Everything that comes into contact with your teeth can affect their health. While some of these dietary items may be well-known, others could surprise you. Here are 5 dietary choices that could harm your child’s teeth.


Sports Drinks

After a heavy workout or other athletic activity, sports drinks are a common way to rehydrate. They contain electrolytes that water doesn’t and can prevent dehydration. Unfortunately, many of these drinks also contain high amounts of acids and sugars that can damage teeth. The easiest way to limit your consumption of sports drinks is to only consume them during or directly after athletic activities. And be sure to drink some water to help wash away some of those acids that could hurt your teeth.


While delicious, chocolate is high in sugar and tends to stick to teeth. Once on your teeth, the sugars break down to form acids that can cause the enamel to erode. However, not all chocolate is made the same. White chocolate and milk chocolate have much higher amounts of sugar. But dark chocolate is lower in sugar and safer for your teeth. But the best way to keep your teeth safe is to limit your chocolate intake altogether.

Sour Candies

It’s common knowledge that candy is bad for your teeth, but some sour candies are particularly damaging. Unlike their sweeter counterparts, sour candies contain different kinds of acids that can erode enamel more quickly. If the candies are chewy, they can be stuck to your teeth for longer periods of time, causing even greater decay.

White Bread

Starches are one of the least known dangers to teeth and bread is one of the biggest dangers to enamel. The saliva in your mouth breaks down the starches into sugars. Partially-chewed bread can get stuck to teeth and cause even more damage. To prevent this, stick to less-refined breads like whole wheat. Their sugars are less and not as easily broken down.
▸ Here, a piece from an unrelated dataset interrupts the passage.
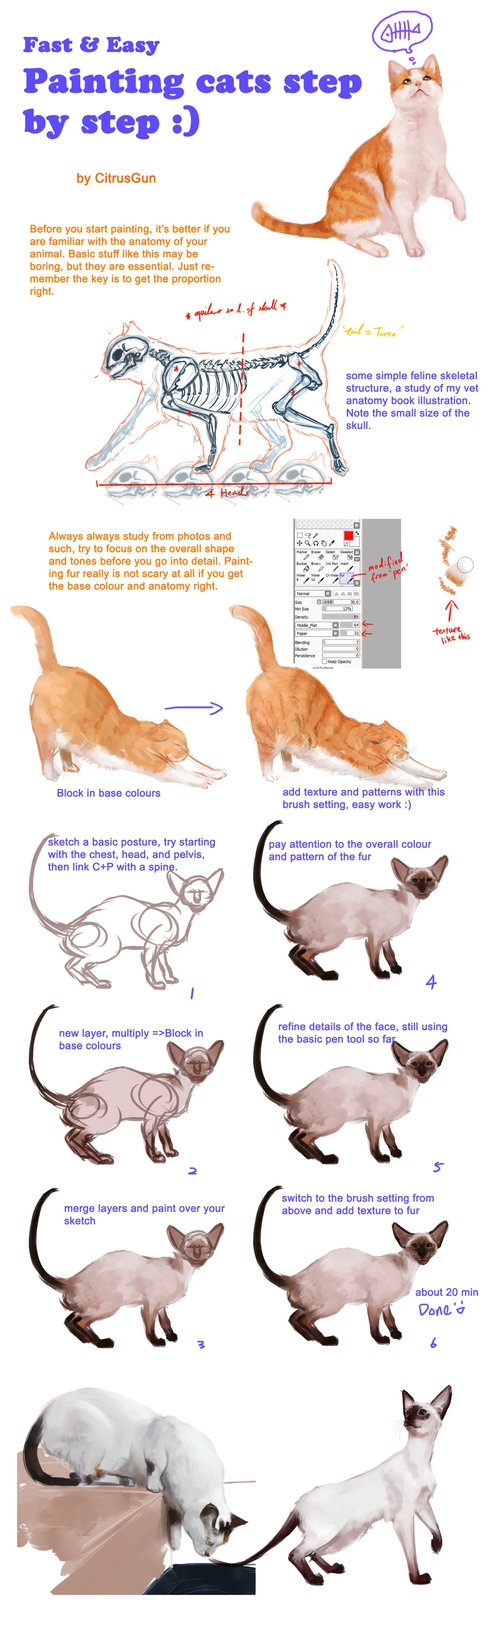 Painting cats tutorial by *CitrusGun on deviantART

Sweet carbonated beverages come from a host of problems for teeth. Soda allows for plaque to produce acid that erodes enamel and dries out your mouth. Darker sodas with caramel coloring can stain or discolor teeth. If you do decide to have a soda, do so in moderation and drink water after. While brushing directly after would normally help prevent damage to teeth, with soda it may actually hasten the decay. So stick to moderation.

No one likes to limit themselves on their favorite snacks or drinks. But moderating your child’s intake of these foods can help keep their teeth healthy.